INPUT Start Marker

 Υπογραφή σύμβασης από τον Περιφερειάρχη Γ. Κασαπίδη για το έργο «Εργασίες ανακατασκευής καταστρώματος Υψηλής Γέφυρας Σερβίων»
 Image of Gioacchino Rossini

INPUT End Marker
INPUT Start Marker

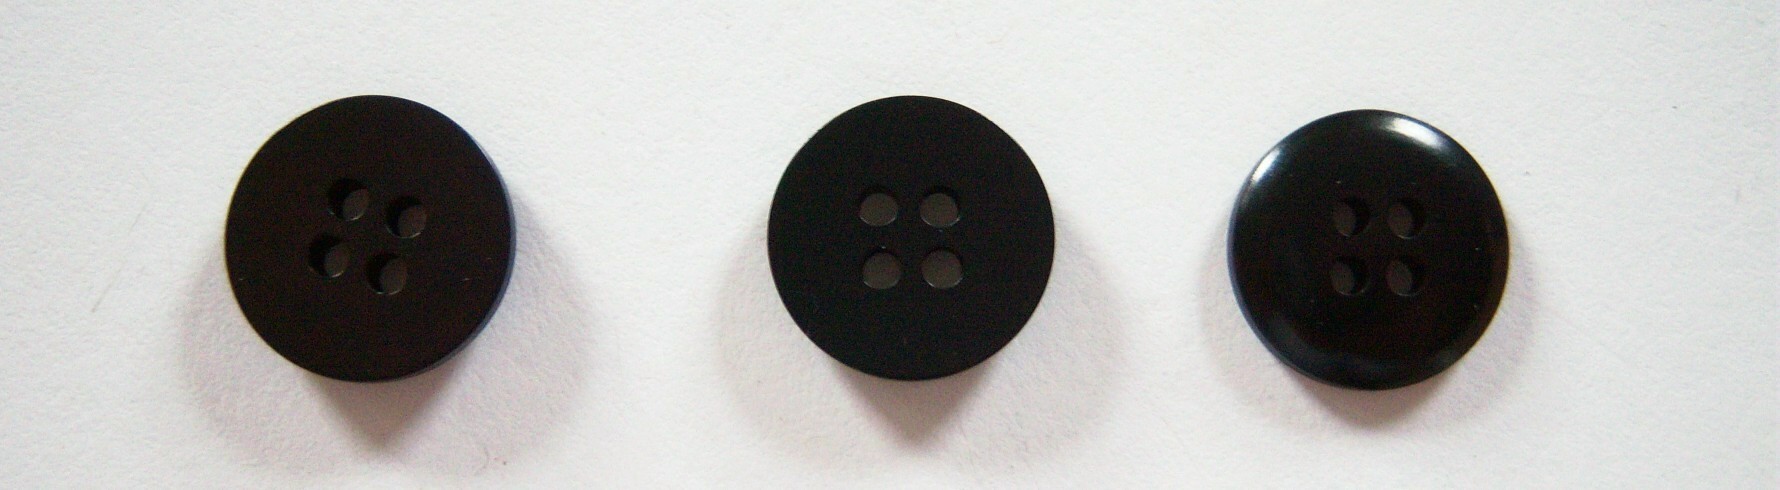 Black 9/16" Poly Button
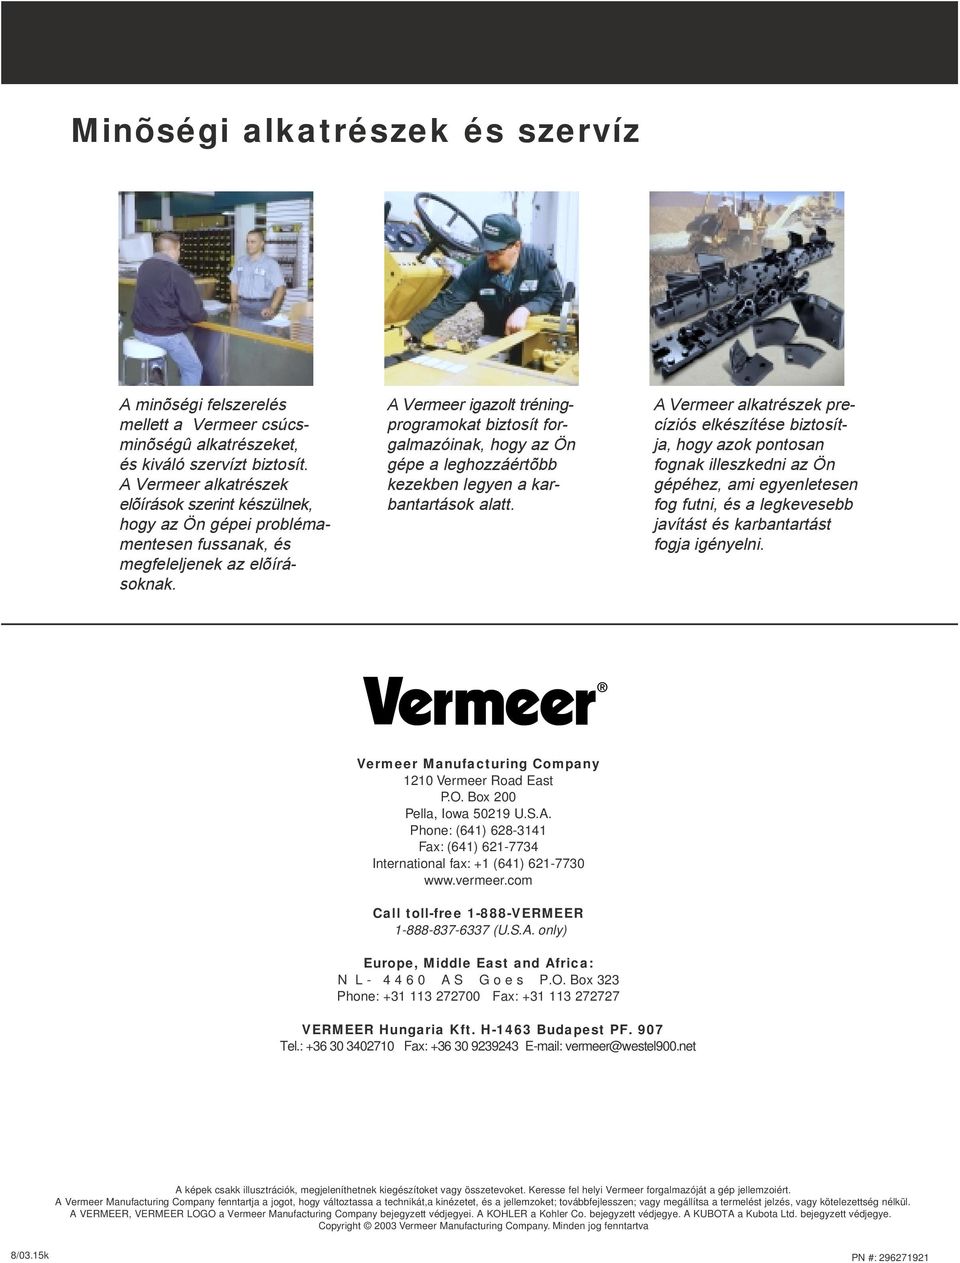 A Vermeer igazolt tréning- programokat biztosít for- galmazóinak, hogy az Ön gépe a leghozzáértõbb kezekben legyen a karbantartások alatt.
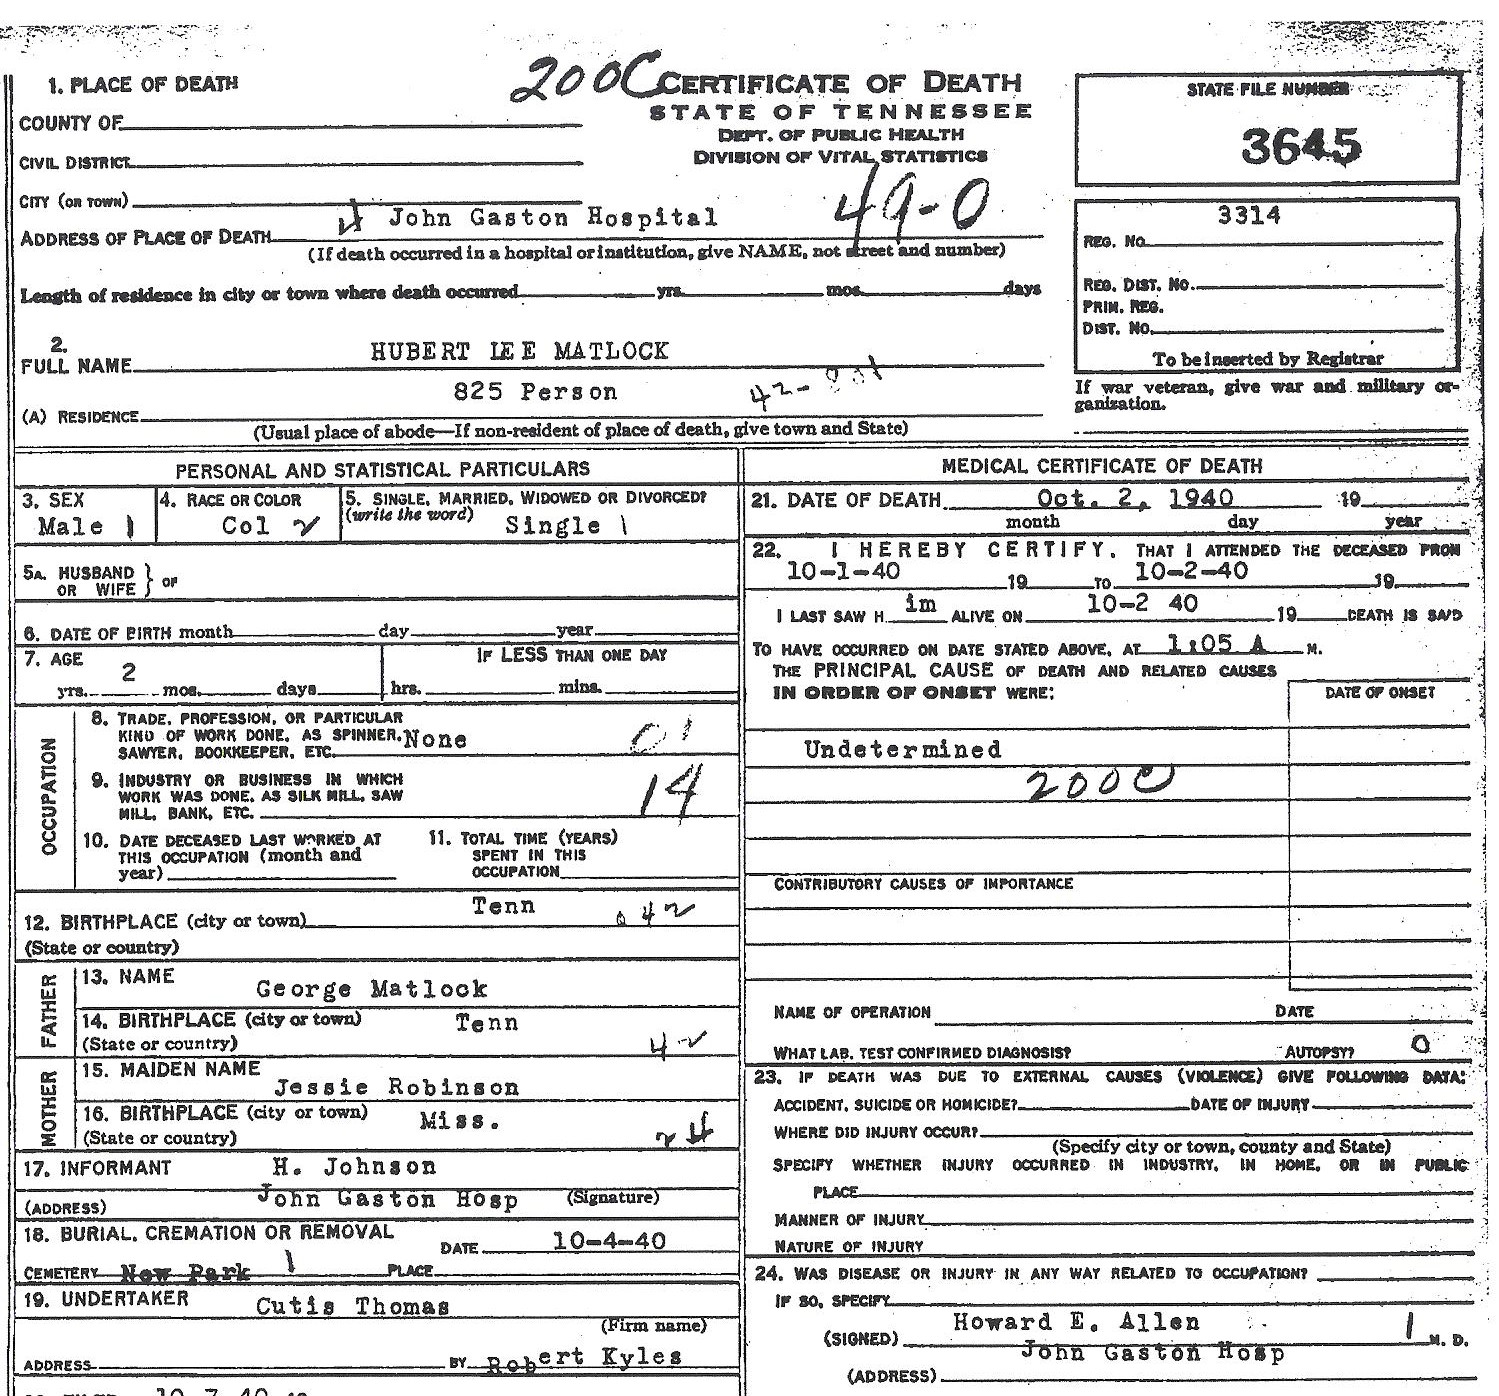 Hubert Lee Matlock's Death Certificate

INPUT End Marker
INPUT Start Marker

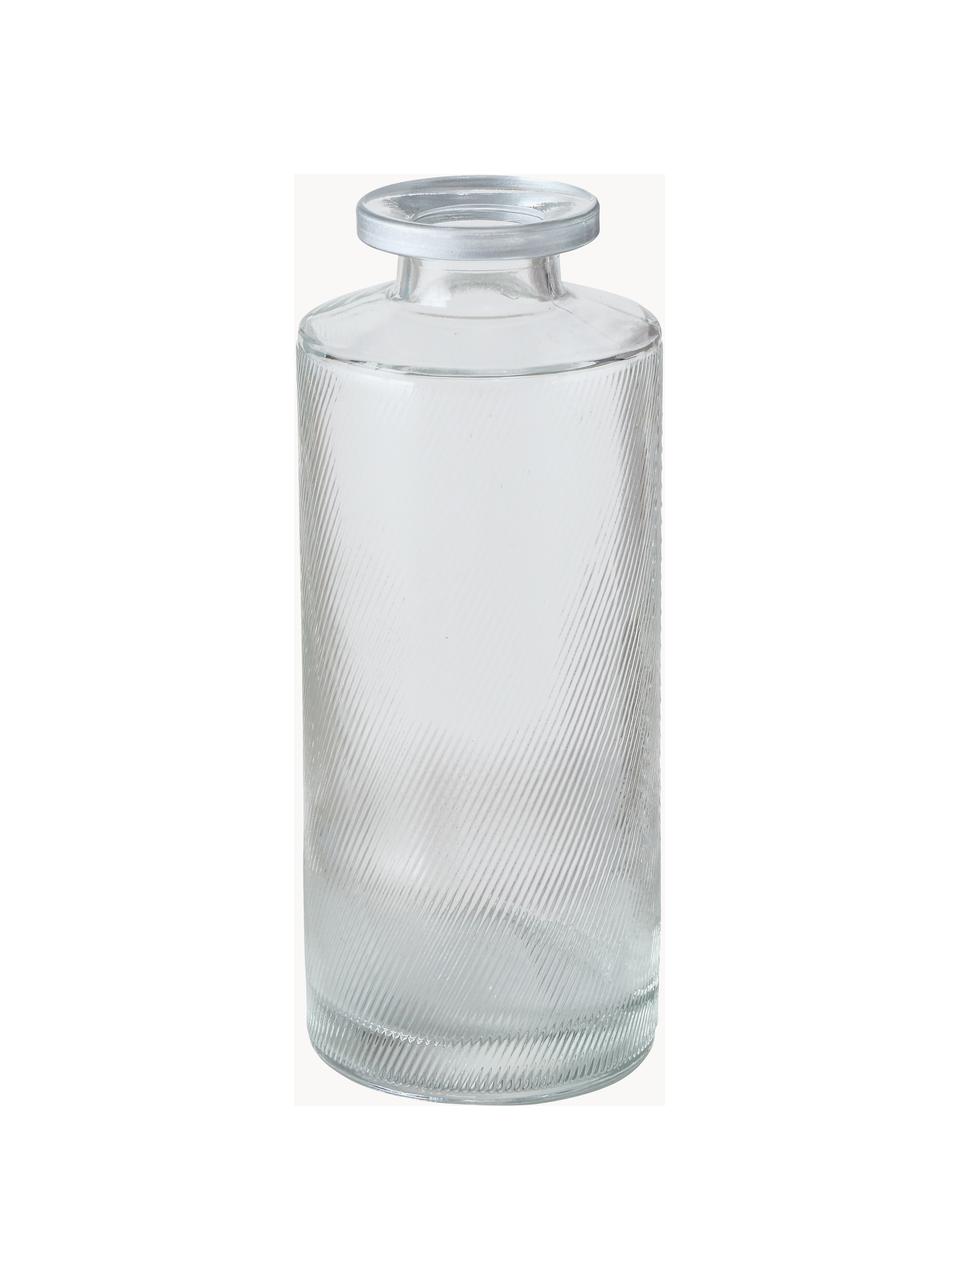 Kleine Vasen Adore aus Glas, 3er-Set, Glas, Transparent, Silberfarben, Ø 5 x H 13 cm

INPUT End Marker

▶ **TASK INSTRUCTIONS**:
Would you copy, word for word, only the lines above from the one containing "A Vermeer igazolt" through the one containing "Hubert Lee Matlock's Death Certificate", both included, and please leave out the pictures?

▶ **RESULT**:
 A Vermeer igazolt tréning- programokat biztosít for- galmazóinak, hogy az Ön gépe a leghozzáértõbb kezekben legyen a karbantartások alatt.
 Hubert Lee Matlock's Death Certificate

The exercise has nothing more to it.